Here is what I notice when I sit with that decision properly. Not the panicking version, where you spin the scenario until it becomes a disaster movie. The actual practice. The clarity question: what does the part of me that already knows feel about this? And the answer, every time, is calm. Not performed calm. Not the face of someone pretending they are fine. The quiet kind. The kind that arrives from somewhere below the noise.
There is a real difference between those two things. I am paying attention. That is the whole practice.
The region is volatile. I know this. I am tracking it the way a sailor tracks weather, not to be frightened by it but to understand it. Awareness is not the same as anxiety. One of them is useful. The other just makes you tired and keeps you home.

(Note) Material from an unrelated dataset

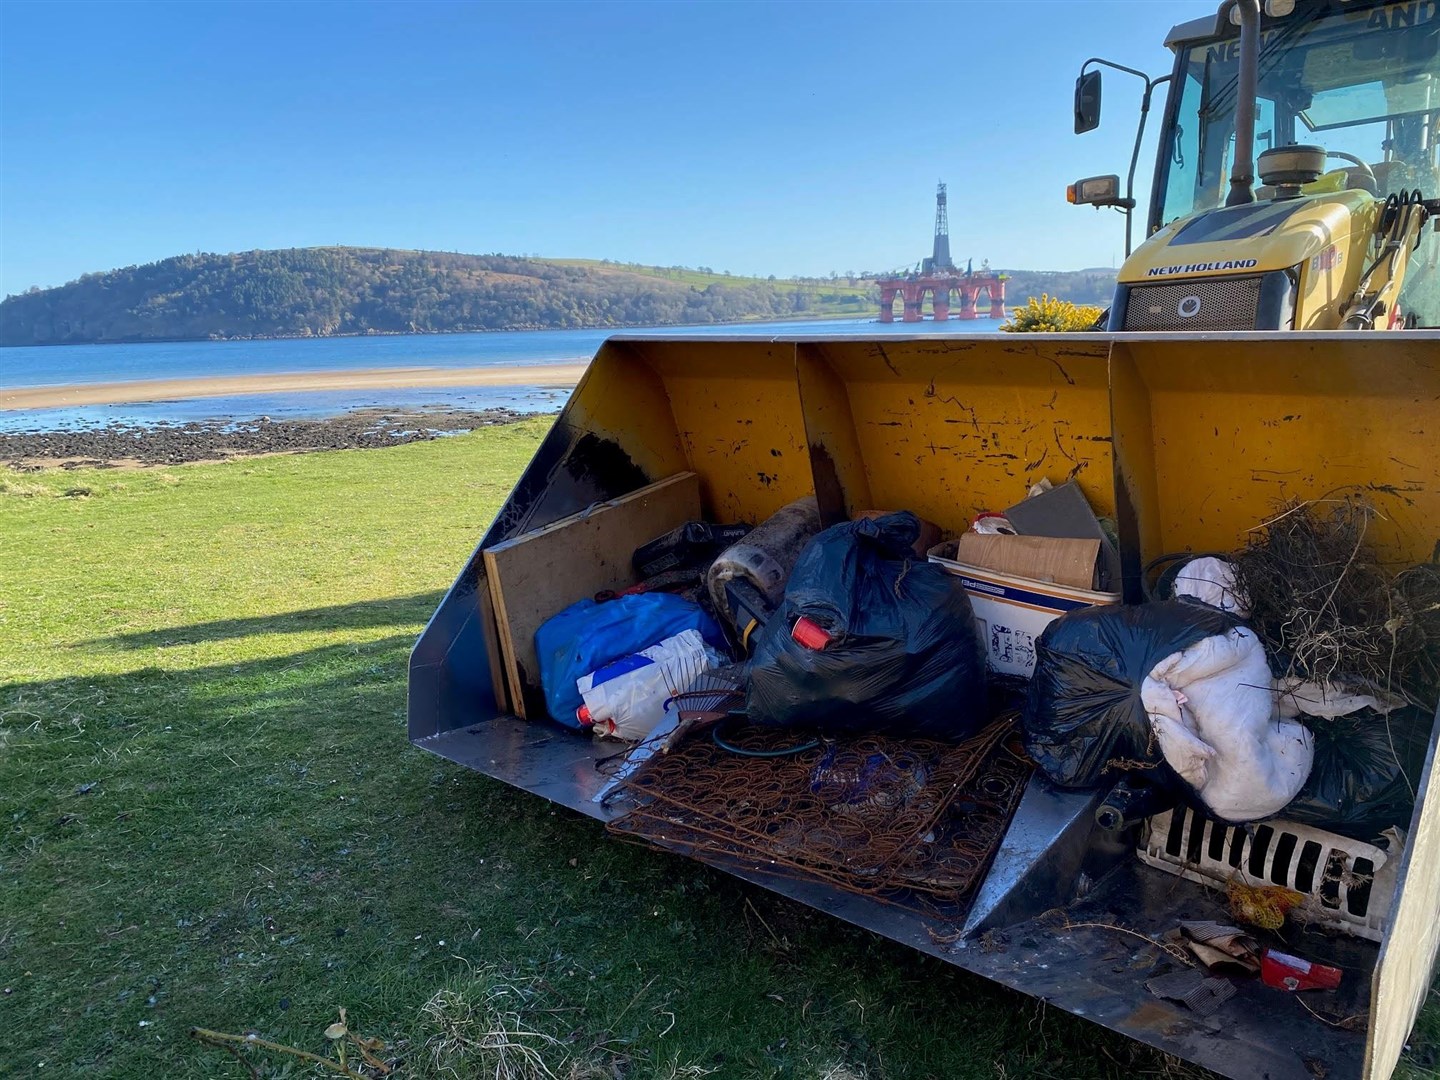 A bucketload of flytipped rubbish collected this week at Nigg, next to a nature reserve that enjoys protected status. The Cromarty Firth, in the background, is also a Site of Special Scientific Interest.

And here is the thing about staying home. Staying home because something feels uncertain is the fastest way to teach your nervous system that uncertainty is unbearable. You do that enough times and the world becomes very small. The nervous system learns what you practice. I have been practicing sitting with the unknown until it becomes information rather than threat. Cyprus right now is a live version of that practice. An actual situation with actual stakes where I get to find out whether any of this works. That is worth something. In fact it is worth quite a lot.
I will stay informed. I will keep one bag light and one eye on the exit, not because I expect to need either but because that is what intelligent presence looks like.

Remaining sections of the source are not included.